# Preparing Fumidil B* Correctly??



## wildbranch2007 (Dec 3, 2008)

i went and got a copy of the directions thinking they were had to be different because I mix it differently.
the directions say best prepared at a concentration fo 24mg fumagillin base per litre of syrup. usually a 2:1 syrup. fumagilin=b may be dissolved in water or syrup at room temperature. for best results, heat the required amount of water to 35-50c then remove the heat source and add the fumedil and then the surgar in that order.

I translate the 50c to about 110 degrees water there abouts, Fumadil breaks down around 110 degrees (farenhite) if I remember but they don't have on label anymore.

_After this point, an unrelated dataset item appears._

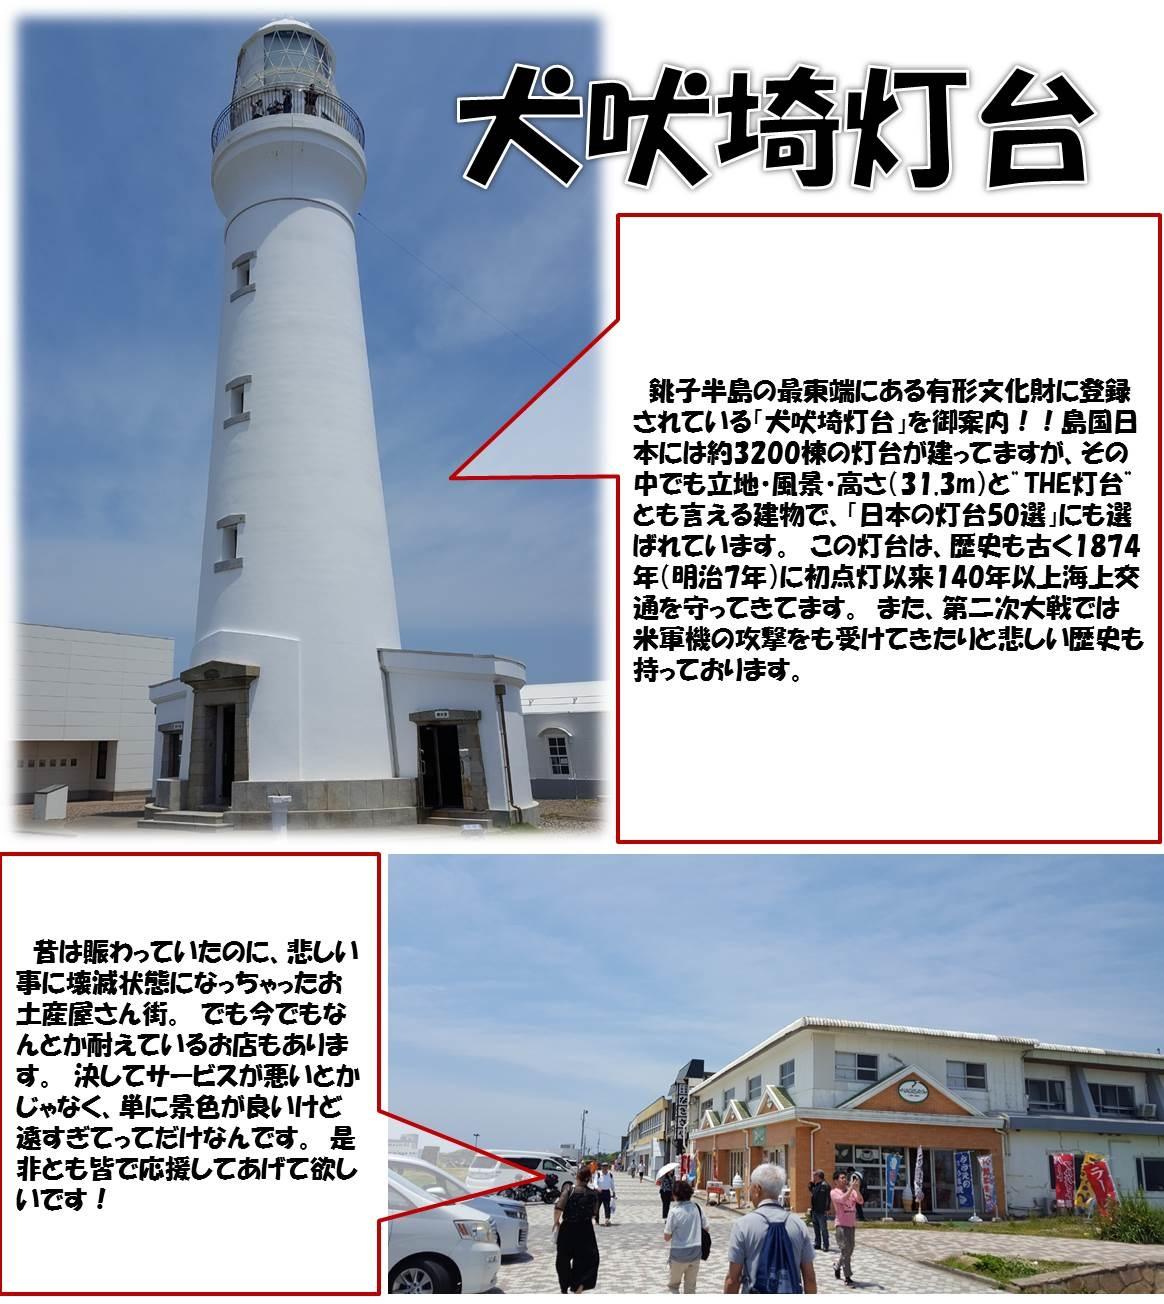 """犬吠埼灯台 銚子半島の最東端にある有形文化財に登録されている「犬吠埼灯台」を御案内!!島国日本には約3200棟  の灯台が建ってますが、その中でも立地・風景・高さ(31.3m)と""""THE灯台""""とも言える建物で、「日本の灯台50選」  にも選ばれています。 この灯台は、歴史も古く1874年(明治7年)に初点灯以来140年以上海上交通を守ってきてます  。 また、第二次大戦では米軍機の攻撃をも受けてきたりと悲しい歴史も持っております。 昔は賑わっていたのに、  悲しい事に壊滅状態になっちゃったお土産屋さん街。 でも今でもなんとか耐えているお店もあります。 決してサー  ビスが悪いとかじゃなく、単に景色が良いけど遠すぎてってだけなんです。 是非とも皆で応援してあげて欲しいです!"""
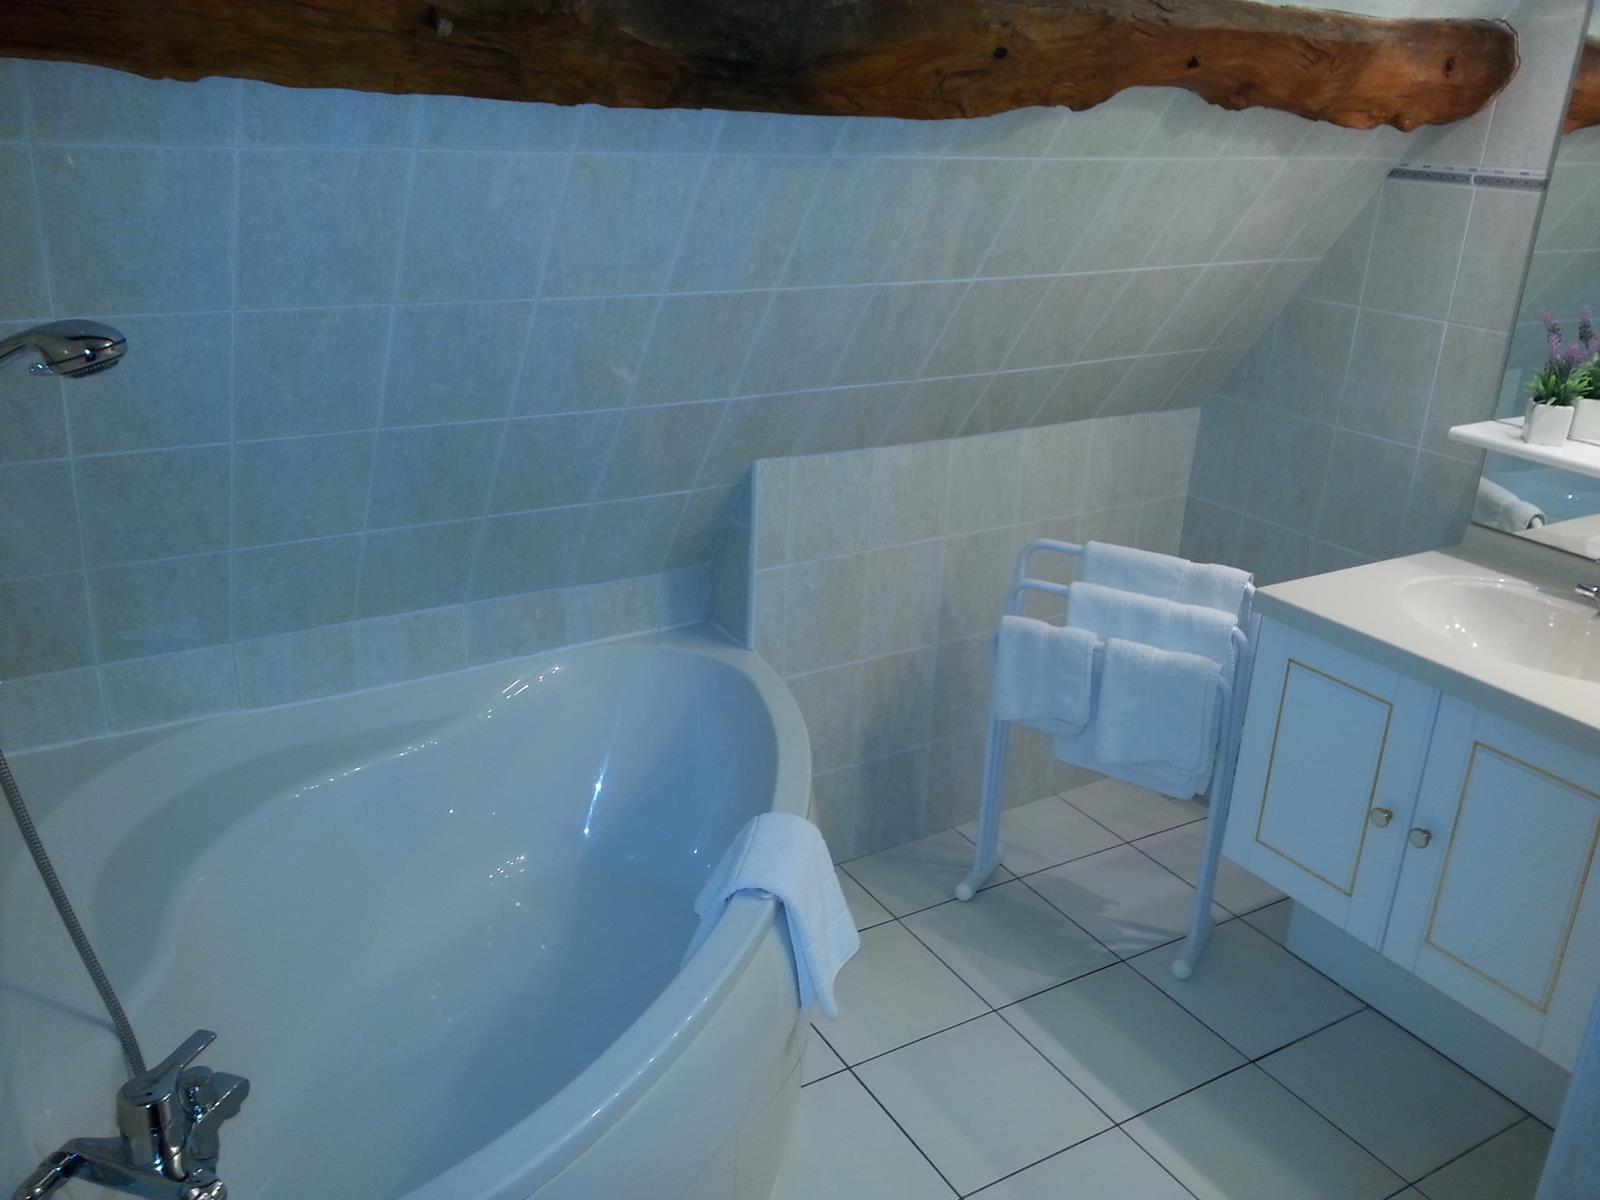 Salle de bain chambre d'hôtel

I mix using the method originally recommended with the old label, I put in hot tap water, at my house around 120 degrees (farenhite), mix in one to one sugar for the spring, which lowers the temp below the 110 degrees, then mix in the fumidl, the new variety mixes in alot better than the old variety.

seems to work for me, but you wouldn't know unless you have them tested.

hope this helps as now I'm confused.

mike


----------



## Robert Brenchley (Apr 23, 2000)

26 pints is 3 1/4 gallons. I just make up three gallons of syrup, split the Fumidil between them, and give it to the bees. I don't see what difference the quarter gallon makes. Since heating water on the allotment is a bit awkward, I use light syrup made up cold.


----------